Trump Administration Considers Sanctions Relief for Russia

The White House has asked the U.S. Departments of State and Treasury to draft a list of sanctions on some Russian entities and individuals, including oligarchs, which could be eased, Reuters reports, citing sources with knowledge of the plans.

The U.S. State and Treasury Departments are asked to draft a list of possible sanctions relief measures that U.S. officials could discuss with Russian representatives as part of the broader U.S.-Russia talks on unfreezing diplomatic and economic relations, according to Reuters’s sources.

The U.S. and Russia have also discussed a possible end to the war in Ukraine.

It was not immediately clear what the U.S. could request in return for some sanctions relief, Reuters reports, but any economic deal between the United States and Russia would require U.S. sanctions relief.

Currently, Russia appears to be struggling to deliver its oil cargoes to customers still doing deals with Moscow, following the latest U.S. sanctions on Russian oil trade, which were imposed in the final days of the Biden Administration.

The January 10 sanctions, the most aggressive sanctions on Russia’s oil trade yet, have upended global oil trade as Asia rushes to cover Russian barrels with alternative supply and tanker rates soar amid significantly decreased availability of non-sanctioned vessels.

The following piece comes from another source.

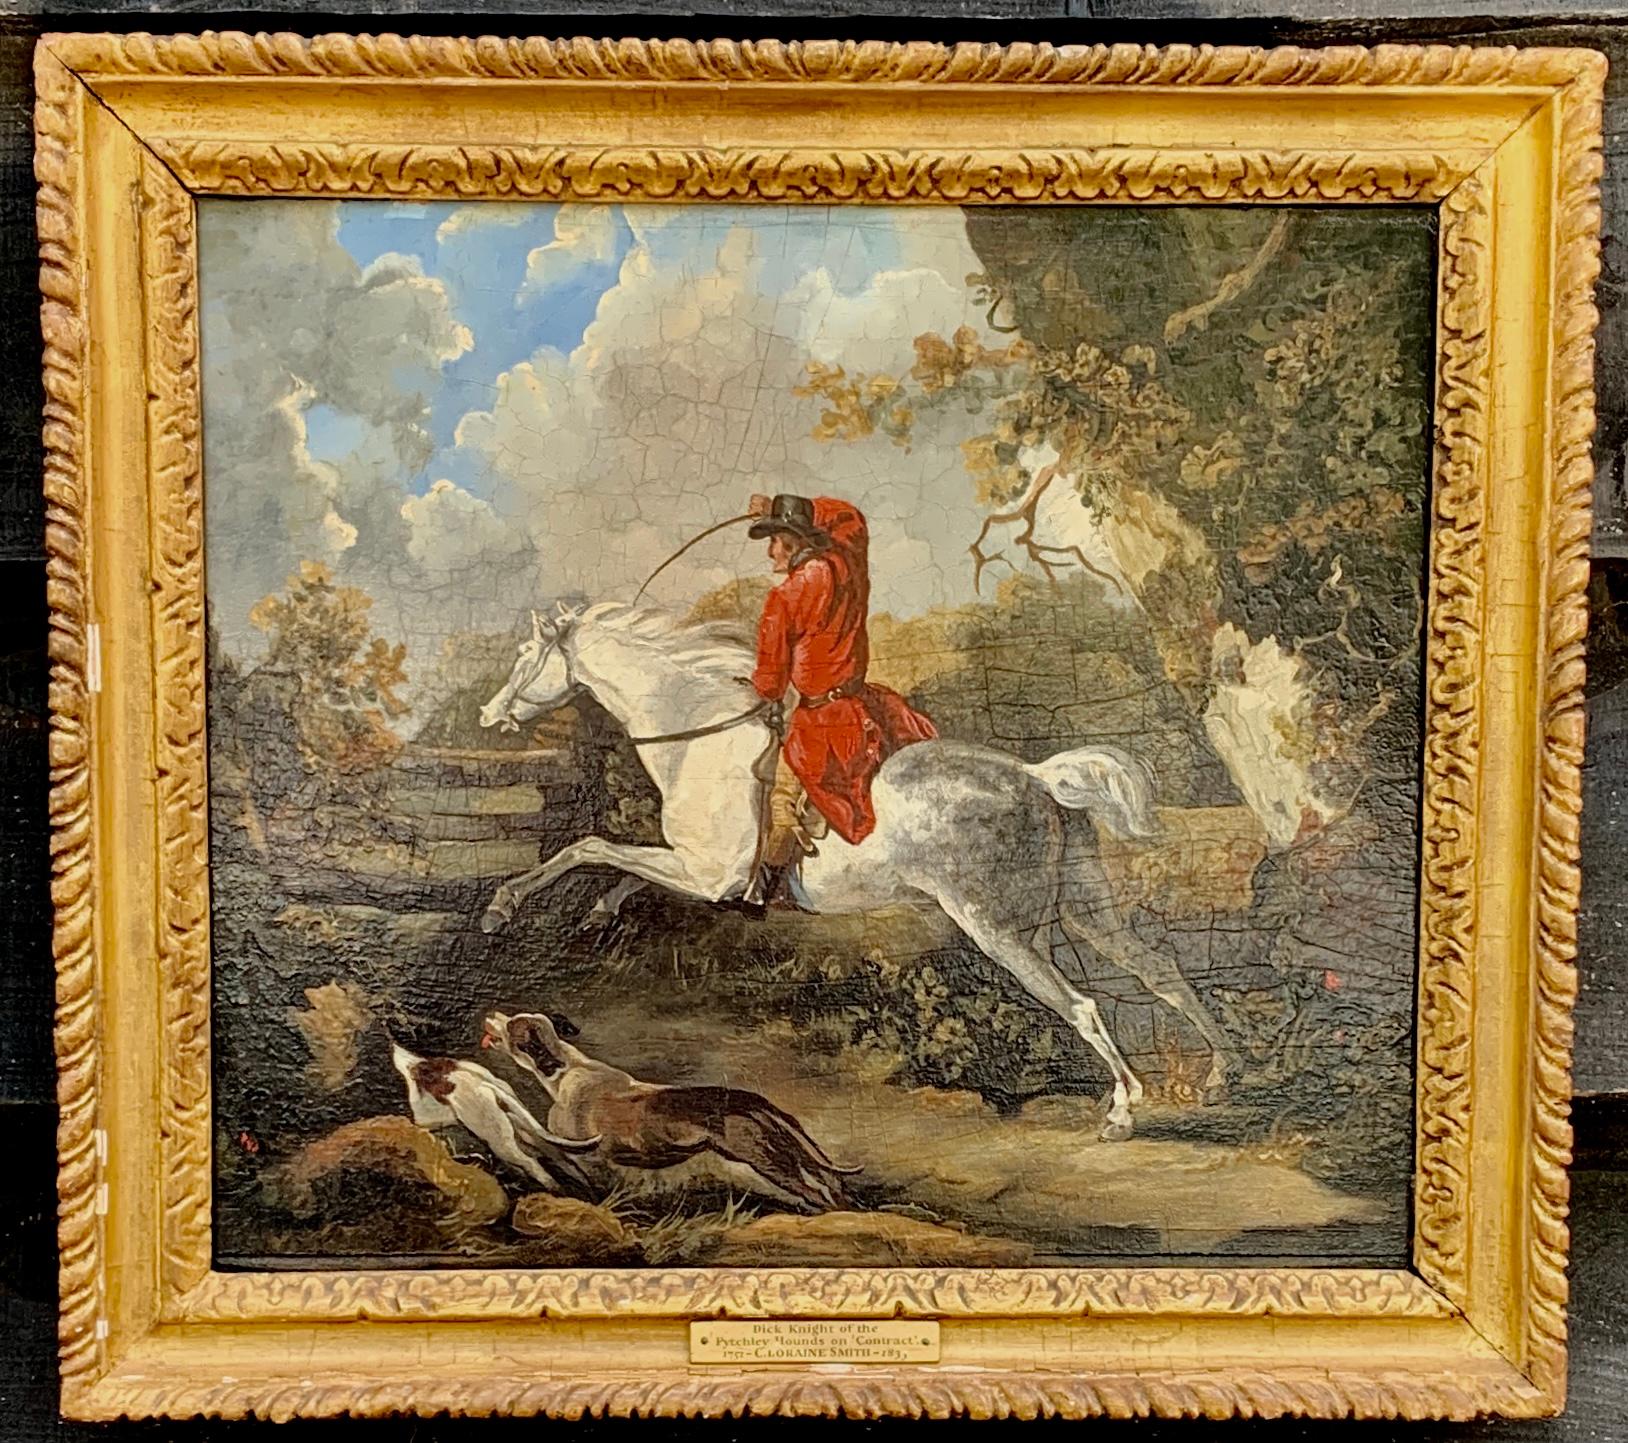 Charles Loraine Smith Animal Painting - English 18th century Fox hunting landscape, with Dick Knight and Pytchley Hounds
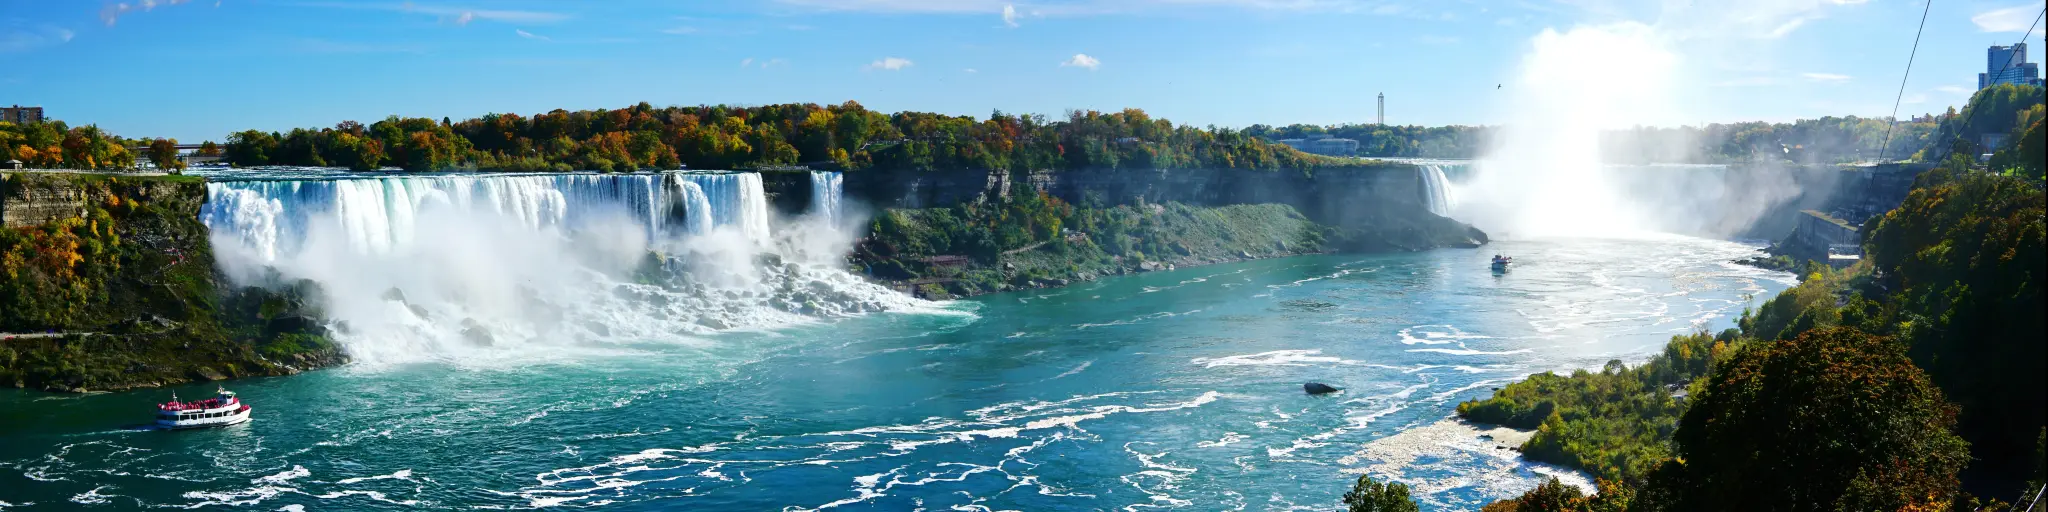 Panoramic view of Niagara falls on a bright summers day

Many of the vessels, specialized tankers, and shuttle tankers transporting Russia’s oil from the Arctic and Far East Pacific fields and production clusters to Asia have now been sanctioned.

Tankers continue to load crude oil from Russia but many of these are seeing difficulty in delivering the cargo to ports as buyers avoid supply chain sanctioned by the United States, according to data compiled by Bloomberg.

Of the 19 vessels loaded from the Sakhalin Island in Russia since the U.S. sanctions came into effect, only five have delivered their cargoes to a final port of destination, according to data reported by Bloomberg’s Julian Lee.

Similar cargoes from Sakhalin spent only about a week at sea previously. Now some tankers have been at sea for nearly two months, per tanker-tracking compiled by Bloomberg.